Below you will find the important quotes in Weapons of Math Destruction related to the theme of Discrimination in Algorithms .
Introduction Quotes

The math-powered applications powering the data economy were based on choices made by fallible human beings. Some of these choices were no doubt made with the best intentions. Nevertheless, many of these models encoded human prejudice, misunderstanding, and bias into the software systems that increasingly managed our lives. Like gods, these mathematical models were opaque, their workings invisible to all but the highest priests in their domain: mathematicians and computer scientists. Their verdicts, even when wrong or harmful, were beyond dispute or appeal. And they tended to punish the poor and the oppressed in our society, while making the rich richer.

Related Characters: Cathy O’Neil (speaker)
Related Symbols: Weapons of Math Destruction
Page Number: 3
Explanation and Analysis:

Do you see the paradox? An algorithm processes a slew of statistics and comes up with a probability that a certain person might be a bad hire, a risky borrower, a terrorist, or a miserable teacher. That probability is distilled into a score, which can turn someone’s life upside down. And yet when the person fights back, “suggestive” countervailing evidence simply won’t cut it. The case must be ironclad. The human victims of WMDs, we’ll see time and again, are held to a far higher standard of evidence than the algorithms themselves.

Related Characters: Cathy O’Neil (speaker)
Related Symbols: Weapons of Math Destruction
Page Number: 10
Explanation and Analysis:
Chapter 1: Bomb Parts Quotes

And here’s one more thing about algorithms: they can leap from one field to the next, and they often do. Research in epidemiology can hold insights for box office predictions; spam filters are being retooled to identify the AIDS virus. This is true of WMDs as well. So if mathematical models in prisons appear to succeed at their job—which really boils down to efficient management of people—they could spread into the rest of the economy along with the other WMDs, leaving us as collateral damage.

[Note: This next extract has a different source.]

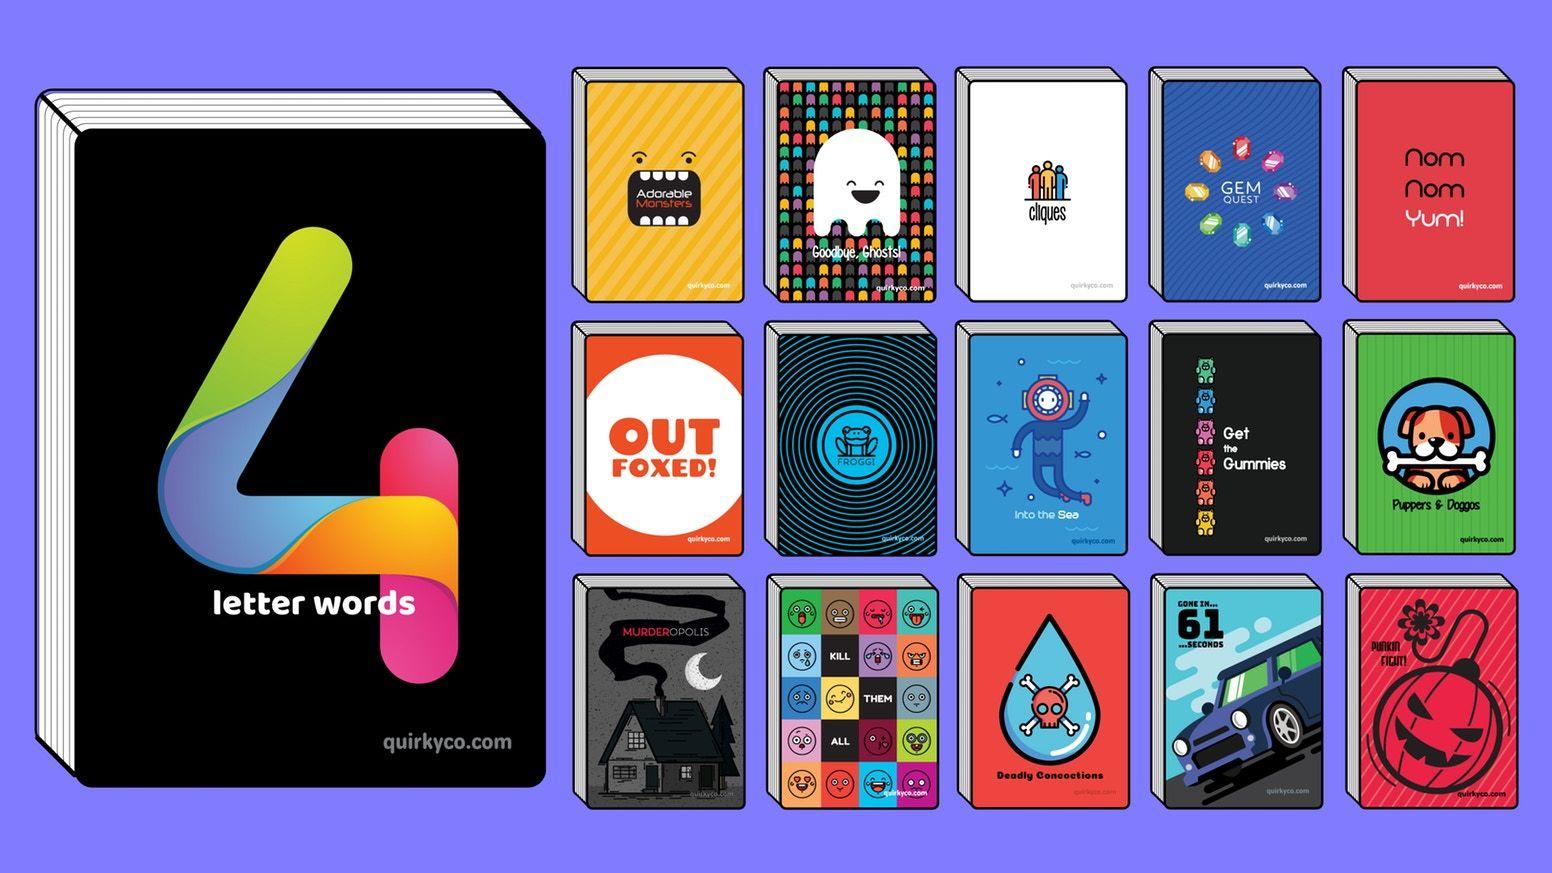 4 Letter Word Logo - 4 Letter Words (+15 More Games) by Joshua Mason — Kickstarter

That’s my point. This menace is rising.

Related Characters: Cathy O’Neil (speaker)
Related Symbols: Weapons of Math Destruction
Page Number: 31
Explanation and Analysis:
Chapter 3: Arms Race Quotes

It sounds like a joke, but they were absolutely serious. The stakes for the students were sky high. As they saw it, they faced a chance either to pursue an elite education and a prosperous career or to stay stuck in their provincial city, a relative backwater. And whether or not it was the case, they had the perception that others were cheating. So preventing the students in Zhongxiang from cheating was unfair. In a system in which cheating is the norm, following the rules amounts to a handicap.

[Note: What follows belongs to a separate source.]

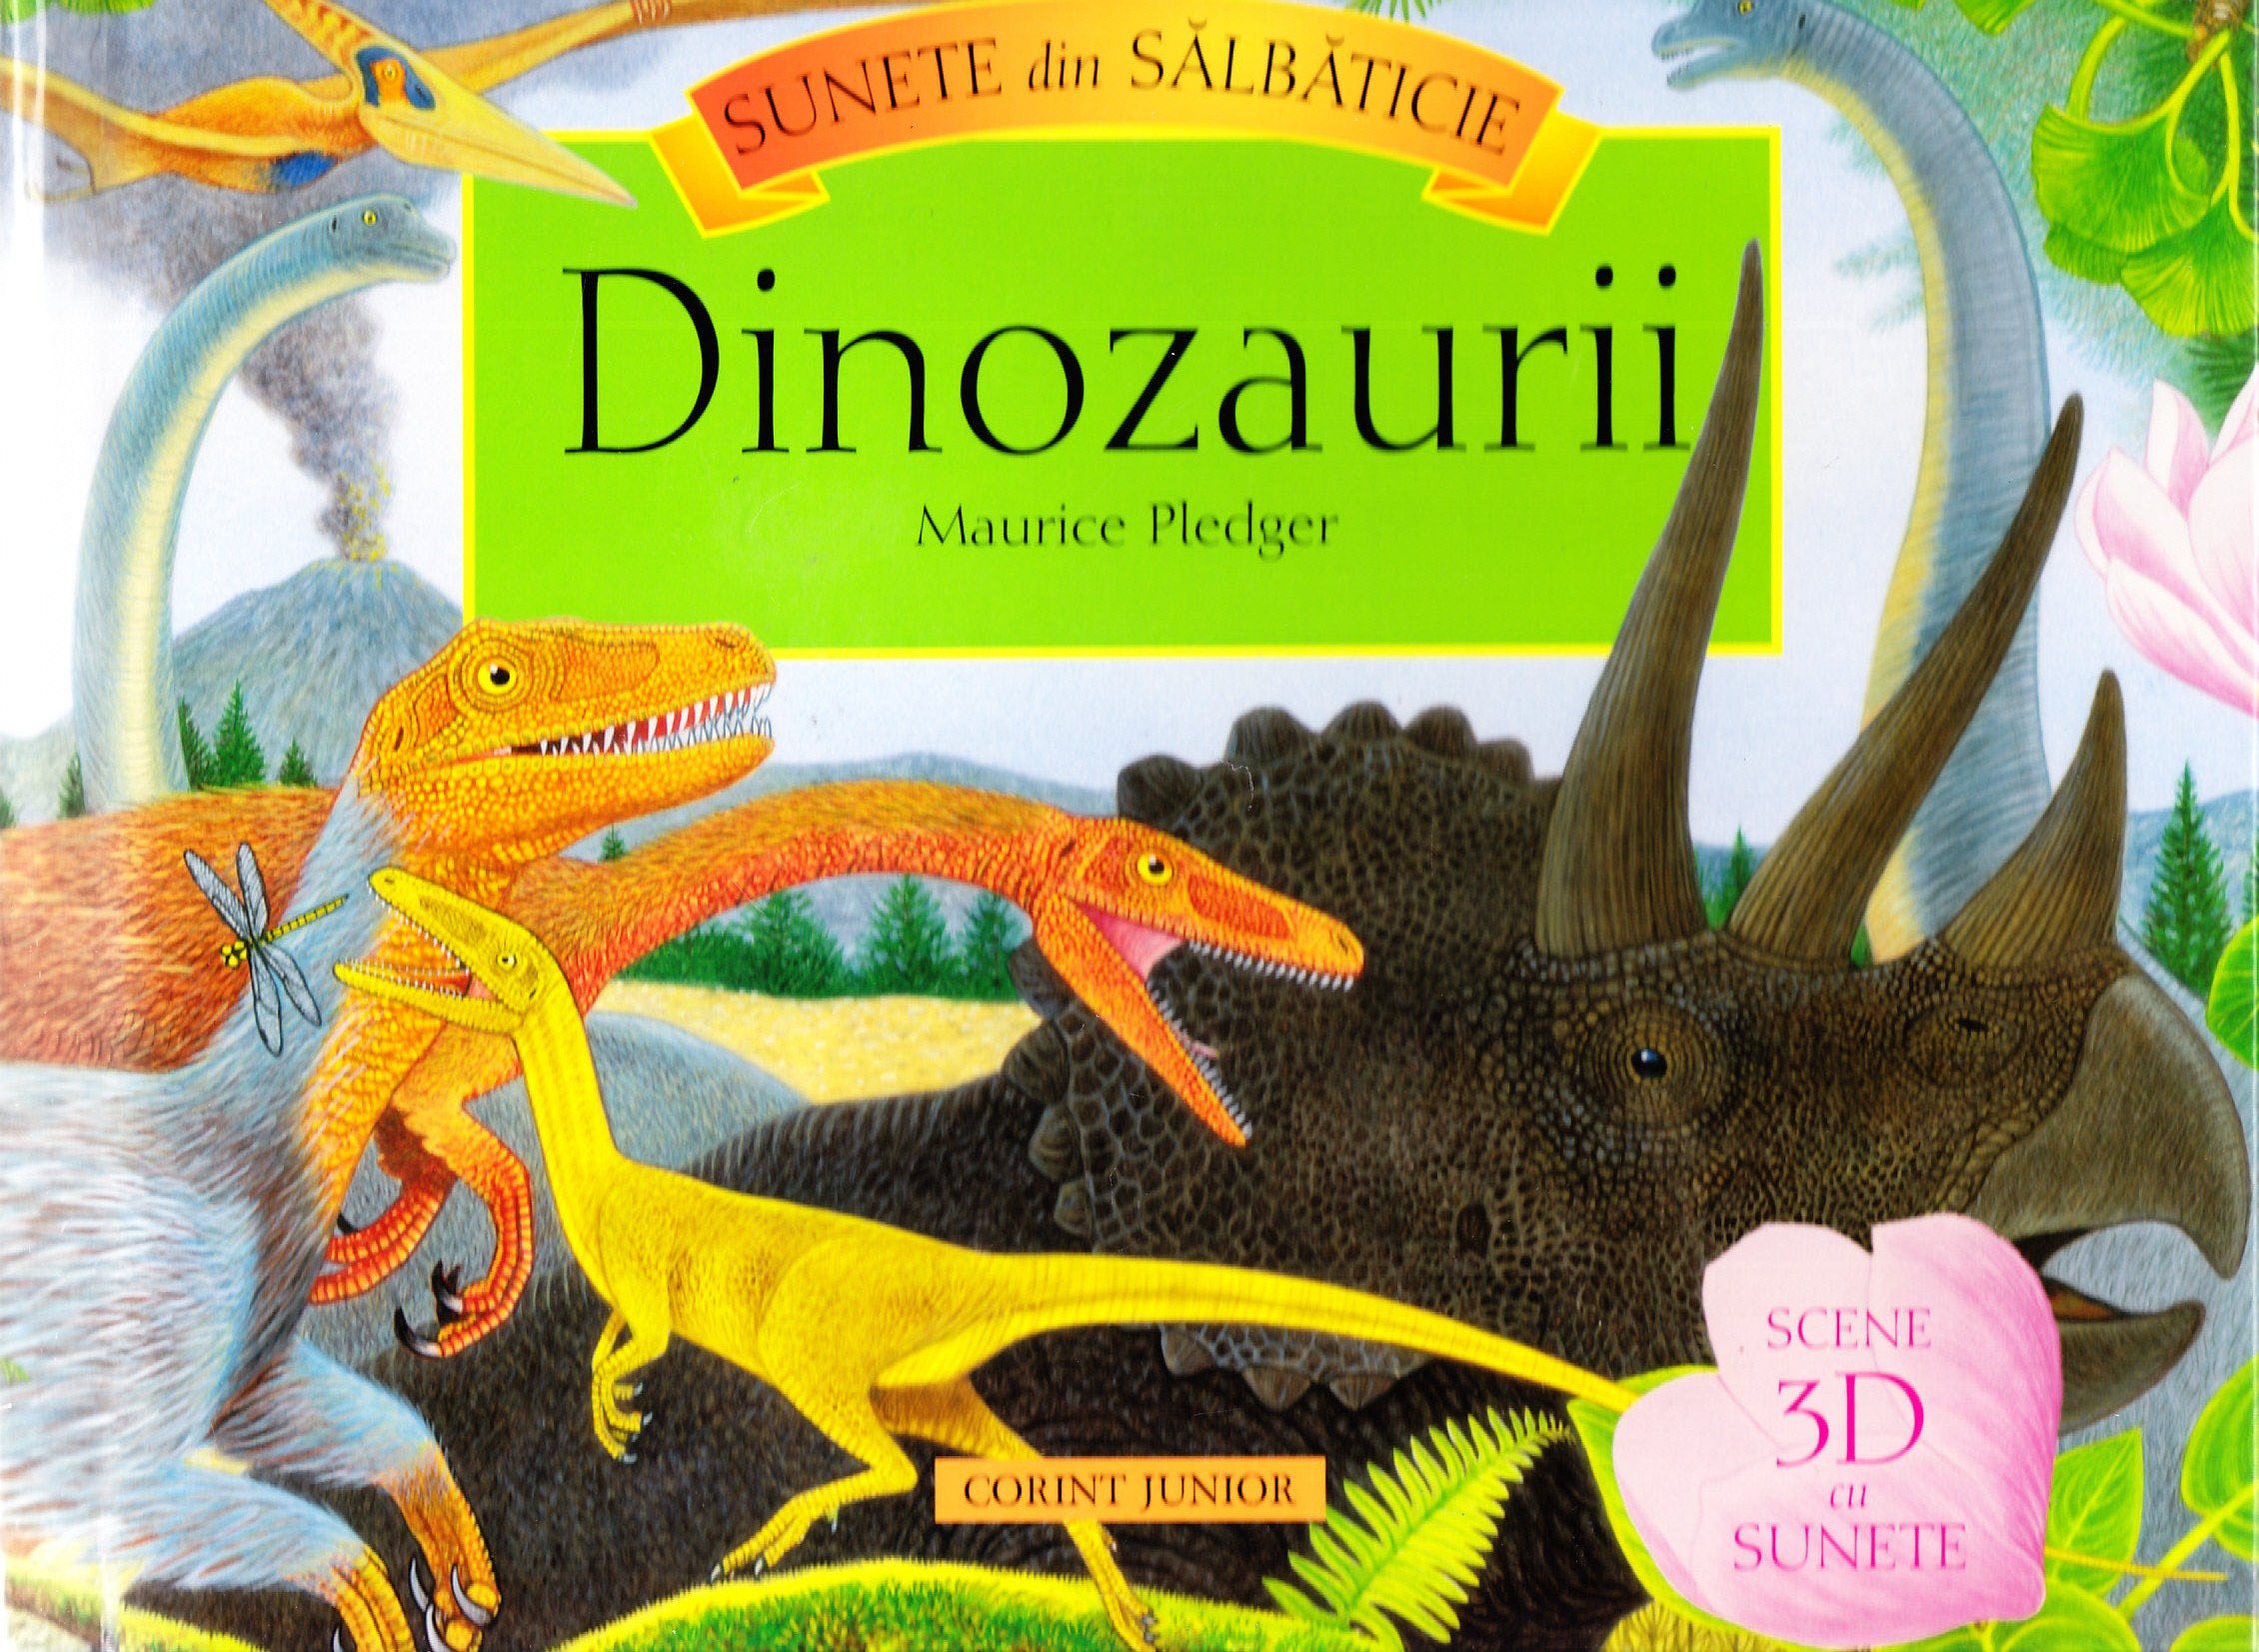 Dinozaurii - Scene 3D cu Sunete - Maurice Pledger

Related Characters: Cathy O’Neil (speaker)
Related Symbols: Weapons of Math Destruction
Page Number: 63
Explanation and Analysis:
Chapter 4: Propaganda Machine Quotes

The Internet provides advertisers with the greatest laboratory ever for consumer research and lead generation. […] Within hours […], each campaign can zero in on the most effective messages and come closer to reaching the glittering promise of all advertising: to reach a prospect at the right time, and with precisely the best message to trigger a decision, and thus succeed in hauling in another paying customer. This fine-tuning never stops.

And increasingly, the data-crunching machines are sifting through our data on their own, searching for our habits and hopes, fears and desires.

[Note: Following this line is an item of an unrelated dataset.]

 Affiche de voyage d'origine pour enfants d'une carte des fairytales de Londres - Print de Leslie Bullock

Related Characters: Cathy O’Neil (speaker)
Related Symbols: Weapons of Math Destruction
Page Number: 75
Explanation and Analysis:

For-profit colleges, sadly, are hardly alone in deploying predatory ads. They have plenty of company. If you just think about where people are hurting, or desperate, you’ll find advertisers wielding their predatory models.

Related Characters: Cathy O’Neil (speaker)
Related Symbols: Weapons of Math Destruction
Page Number: 81
Explanation and Analysis:
Chapter 5: Civilian Casualties Quotes

These types of low-level crimes populate their models with more and more dots, and the models send the cops back to the same neighborhood.

This creates a pernicious feedback loop. The policing itself spawns new data, which justifies more policing. And our prisons fill up with hundreds of thousands of people found guilty of victimless crimes. Most of them come from impoverished neighborhoods, and most are black or Hispanic. So even if a model is color blind, the result of it is anything but. In our largely segregated cities, geography is a highly effective proxy for race.

Related Characters: Cathy O’Neil (speaker)
Related Symbols: Weapons of Math Destruction
Page Number: 87
Explanation and Analysis:

Police make choices about where they direct their attention. Today they focus almost exclusively on the poor. […] And now data scientists are stitching this status quo of the social order into models, like PredPol, that hold ever-greater sway over our lives.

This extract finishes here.